Texto em que o poeta apresenta o relatório sobre os efeitos resultantes da ação da gravidade sobre os porcos



Há poucos dias, eu  elogiava o trabalho poético de PJ Harvey, ao ler a notícia de que ela pretende lançar uma coletânea de poemas em 2015, intitulada The Hollow of the Hand (que título!), em parceria com o cineasta e fotógrafo Seamus Murphy, criador dos filmes para seu álbum Let England Shake (2011). Repito aqui o que disse nas redes sociais: já tenho muito respeito por Polly Jean, poeta. Várias de suas letras funcionam muito bem na página, e aprendi algumas coisas com ela. Quem se interessa pela tradição oral e o trobar medieval não se espanta. Sempre apreciei nela o que chamo de tristeza raivosa, algo que busco em alguns poemas. Não choramingar, mas só deixar cair a lágrima se os dentes estiverem trancados uns nos outros. Uma coisa que me parece clara em certas canções suas é a lição de que minimalismo e concisão não precisam significar esterilidade emocional. Sente-se isso também em Lorine Niedecker ou Robert Creeley, por exemplo.

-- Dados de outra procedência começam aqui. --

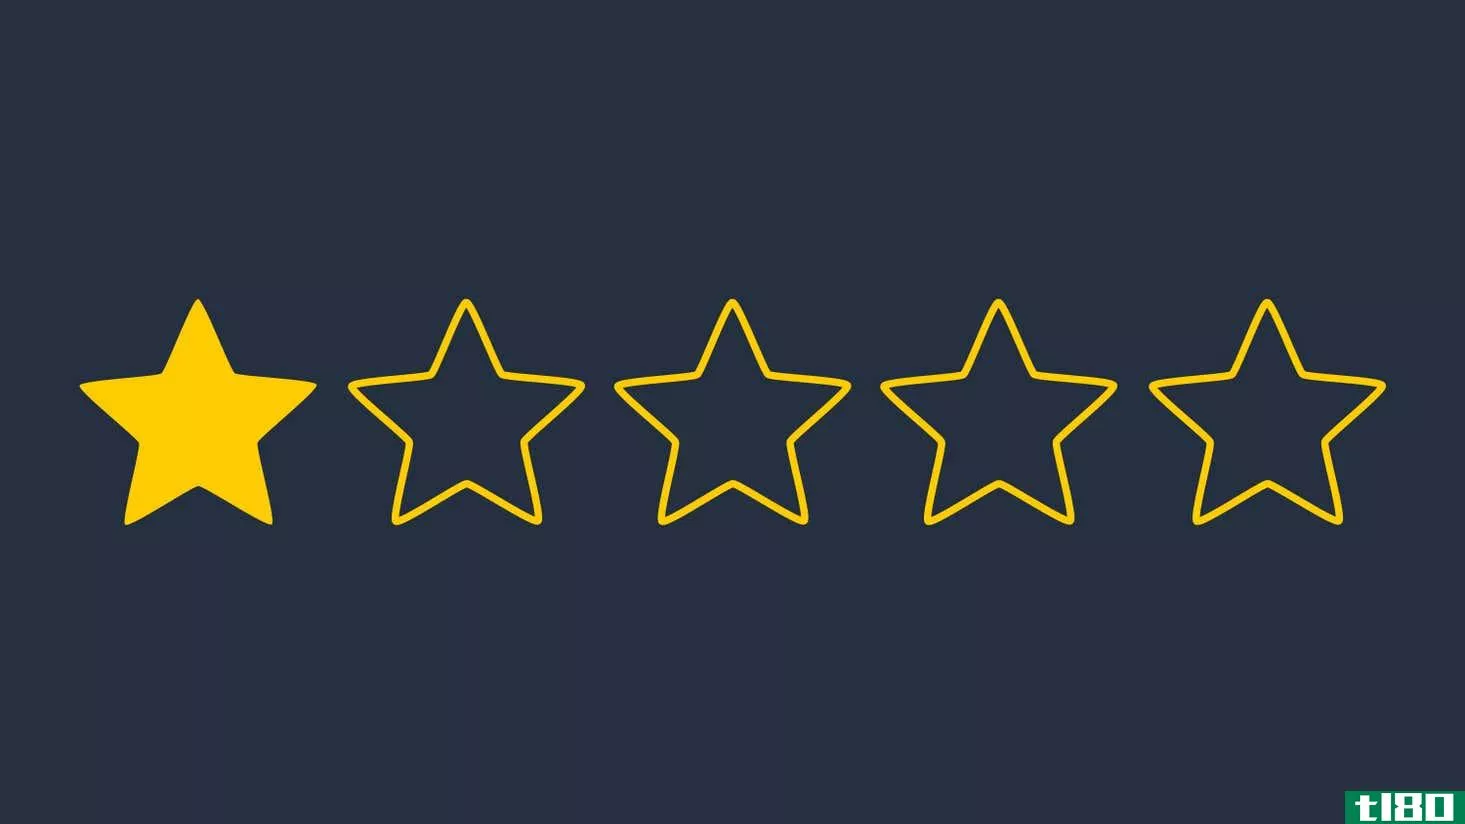 An illustration of five stars in a row against a blue background with one filled in gold and the rest not filled in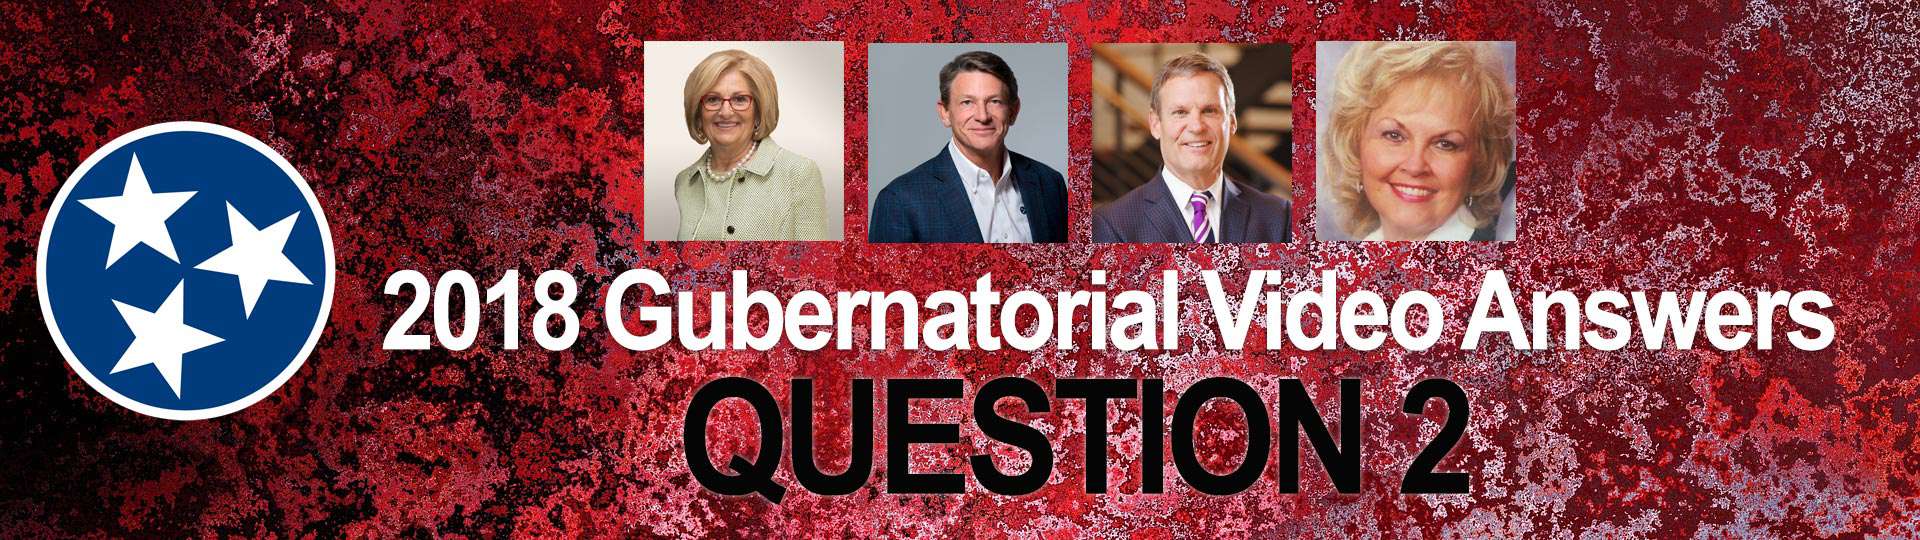 Tennessee's gubernatorial candidates answers to video question 2

No artigo, ela diz ter muito interesse pela imagem, o que fica claro ao percebermos a força fanopaica de canções como "Is this desire?" e "Rub till it bleeds". Polly Jean foi importante para mim em dois momentos específicos. Lançou o álbum Stories from the City, Stories from the Sea (2000), com canções que me ajudaram muito em 2001. E, em 2011, o pior ano da minha vida, o ano em que escrevi Cigarros na cama, ouvi muito seu White chalk (2007). White chalk é um grande álbum, com canções que são realmente primores, como "The devil" e especialmente "Dear darkness". A força destas canções, para mim, beira o místico, como em certos poemas de Hilda Hilst, como "A Mula de Deus".

Lembrei-me deste poema escrito naquela época, em que faço duas referências veladas a PJ. Acho que depois do textinho acima ficará fácil identificar quais.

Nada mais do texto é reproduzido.